En l’espèce, les époux [N] justifient de difficultés dans le paiement des loyers liées à de faibles ressources, à la charge d’un enfant et à des problèmes de santé, dont le caractère invalidant n’est pas démontré. Ils justifient également d’une demande de logement social. Toutefois, le décompte versé montre qu’en 2022 le couple a payé l’équivalent de 2 loyers et demi, en 2023 il a payé 2 loyers, en 2024 il a payé moins d’un loyer. Les paiements effectués apparaissent comme insuffisants, même au regard des ressources limitées su couple, pour établir la bonne foi.
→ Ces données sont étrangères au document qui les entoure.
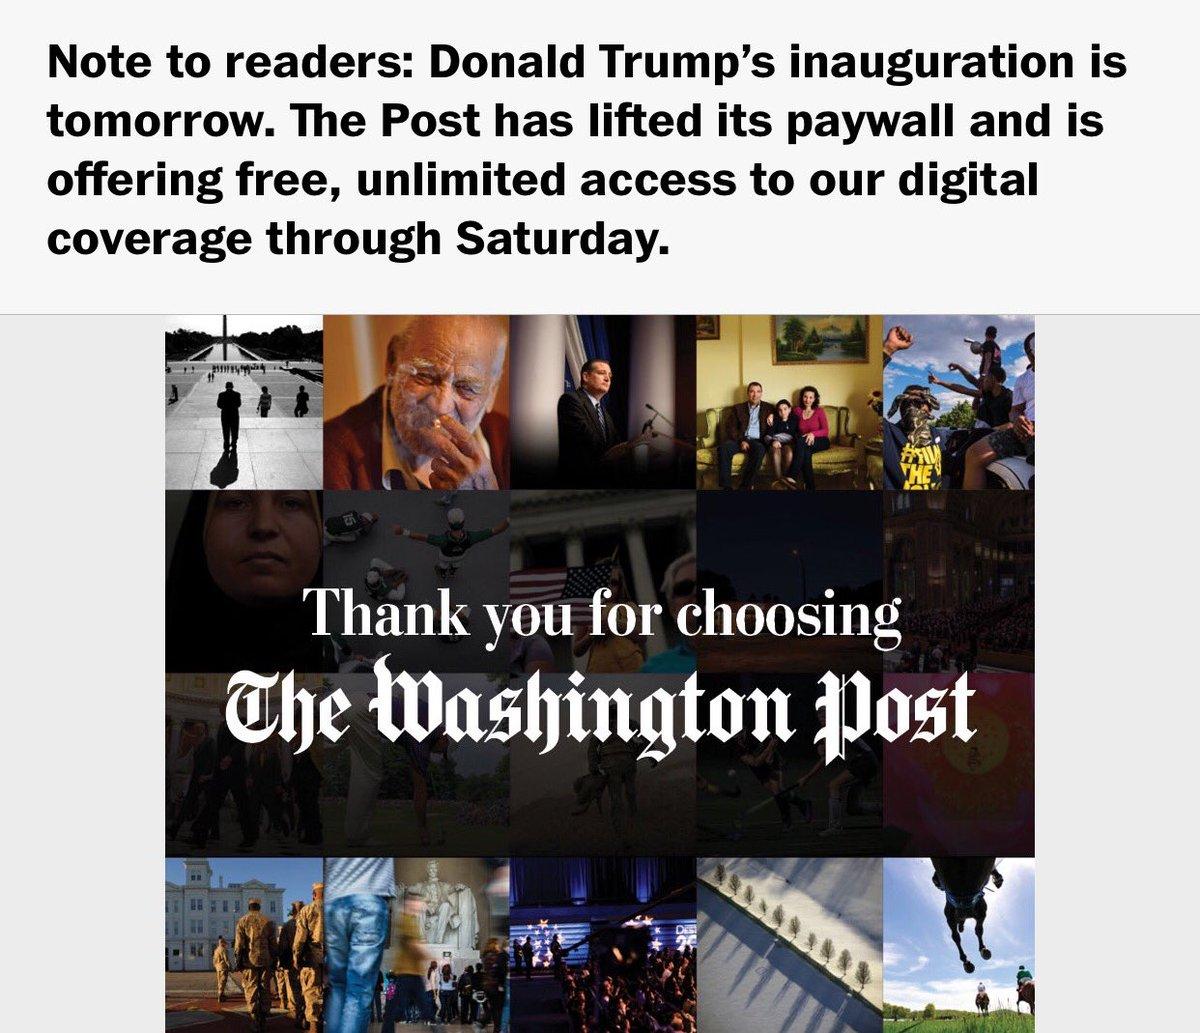 Enjoy unlimited free access to @washingtonpost through Saturday. https://t.co/04D5lOYVU6

Les conditions ne sont donc pas réunies pour leur accorder un délai.
Sur les dépens et l’article 700 du code de procédure civile :
M. [N] et Mme [C] épouse [N], parties perdantes, sont condamnées aux dépens.
L’équité commande de ne pas faire droit aux demandes au titre de l’article 700 du code de procédure civile.
Sur l’exécution provisoire :
En vertu de l’article R121-21 du code des procédures civiles d’exécution, la décision du juge est exécutoire de plein droit par provision.
PAR CES MOTIFS,
La juge de l’exécution, statuant par jugement prononcé par mise à disposition du public au greffe,
DÉBOUTE M. [S] [N] et Mme [T] [C] épouse [N] de leur demande de délais pour quitter les lieux ;
DÉBOUTE la S.A. SOGIMA de sa demande au titre de l’article 700 du code de procédure civile ;
CONDAMNE M. [S] [N] et Mme [T] [C] épouse [N] aux dépens de la procédure ;
REJETTE tous autres chefs de demandes ;
RAPPELLE que le présent jugement bénéficie de l’exécution provisoire de droit ;
La juge de l’exécution a signé avec le greffier ayant reçu la minute.